Dès le lever de rideau et l’ouverture d’I Vespri Siciliani de Verdi, c’est un travail d’orfèvre dans la précision des intentions qui caractérise la direction d’Evelino Pidò : le geste est didactique, les mains sculptent, l’ensemble du corps soutient, électrisé, et encourage les réactions d’un orchestre qui répond à la moindre de ses injonctions, manuelles ou visuelles. Les élans lyriques sont menés avec force, dans un corps à corps double, tantôt avec les interprètes de l’orchestre, tantôt avec le chanteur qui prend notamment quelques libertés, bien cadrées par le chef, avec les tempi.
La parade d’une étoile
L’entente musicale et humaine est visiblement palpable entre Evelino Pidò et Vittorio Grigolo, au-delà de l’estime réciproque qu’ils entretiennent et manifestent auprès d’un public qui apprécie cette complicité à l’italienne… dans laquelle ce dernier se reconnaît (nombre d’habitants de Buenos Aires ont des origines italiennes). Le charisme du chanteur étoile est éclatant, sa proximité avec le public le propulse aisément sur des sommets, même s’ils sont davantage des cimes de popularité et de sympathie que de véritables vertiges musicaux. Vittorio assure le show, quitte à en faire parfois un peu trop sur le plan gestuel et théâtral.
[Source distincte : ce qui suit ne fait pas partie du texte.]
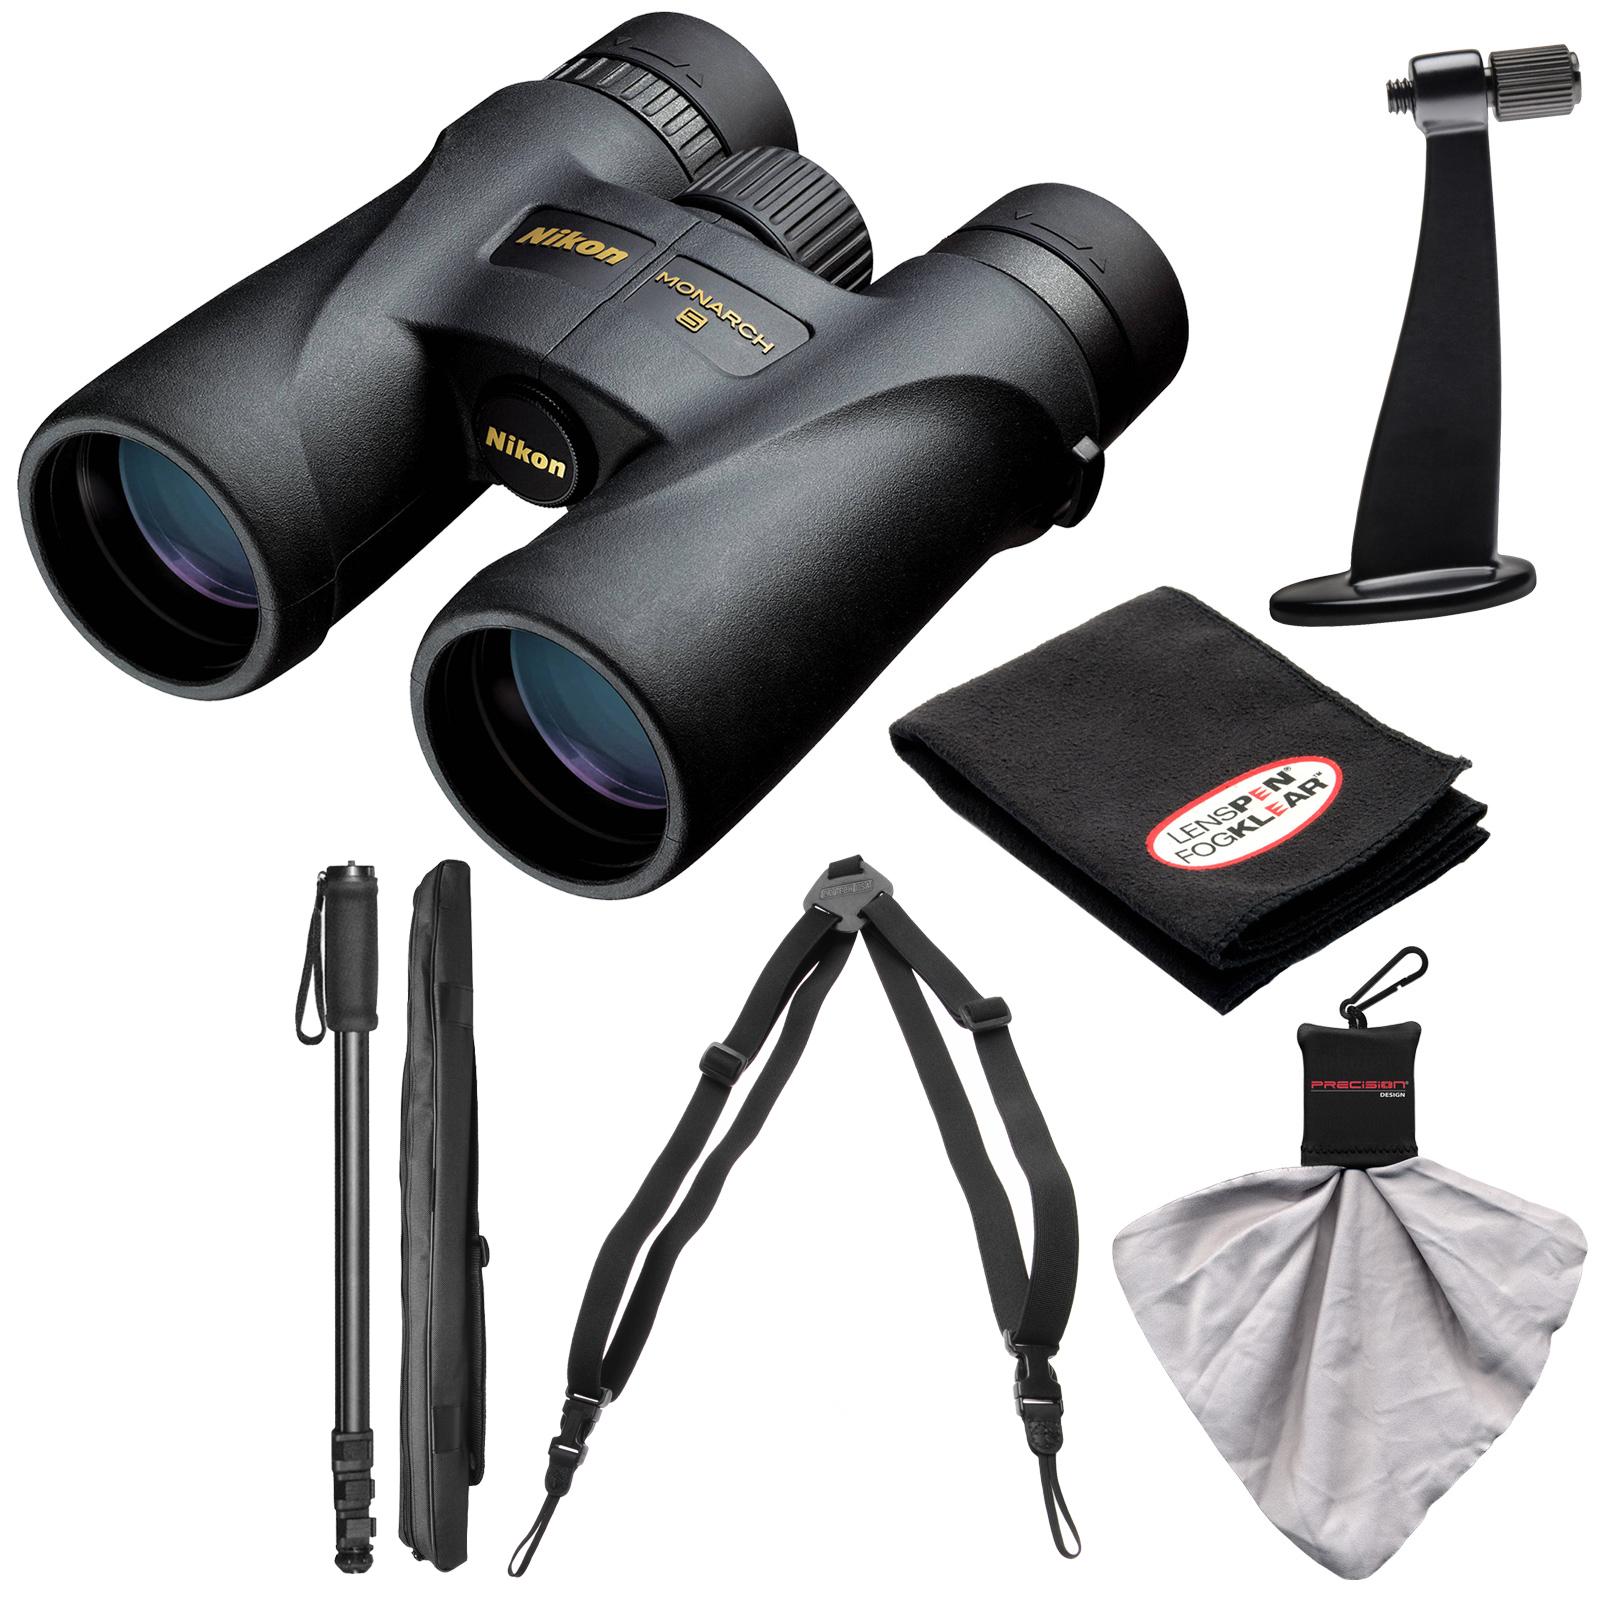 Nikon Monarch 5 10x42 ED ATB Waterproof/Fogproof Binoculars with Case + Harness + Tripod Adapter & Monopod + Kit

La voix est forte, ronde et très imposante dans ses projections. Ce timbre à l'italienne est charmant et charmeur, même si le centre vocal paraît plus fadi, parfois grisé et moins riche en harmoniques. La couleur est toutefois assez homogène sur toute la tessiture, et lustrée avec d’élégants reflets mordorés et boisés. De ce beau métal brillant et souple s’échappent des élans inspirés, soutenus par des respirations amples et un souffle qui paraît inépuisable, quel que soit le volume d’air sollicité. Mais ces mêmes élans paraissent parfois moins spontanés et quelque peu forcés (sur « La donna è mobile »), ou exagérément poussifs (sur « Pourquoi me réveiller ? », dans Werther de Massenet), en particulier dans la finale de certaines vocalises hautes perchées, ce qui est de nature à altérer très légèrement, mais de façon audible, la justesse de la dernière note émise. L’exécution du répertoire français dévoile, et c’est assez rare pour le noter, une maîtrise complète de la prononciation de notre langue. Le phrasé, à cette occasion, n’est cependant pas toujours très subtil, mises à part quelques nuances de volumes appréciables sur « La Fleur que tu m’avais jetée », fameux air extrait de Carmen de Bizet. Les intentions stylistiques ne permettent guère de distinguer les deux types de répertoire interprétés, la puissance sans souplesse ne rend pas service aux nuances à la française, à une délicatesse qui se perd en cours d’exécution au profit d’une démonstration de force. Mais le succès est là, et le public sait gré à cet interprète d’avoir partagé avec lui quelques émotions d’un parfum d’Italie enfin retrouvé.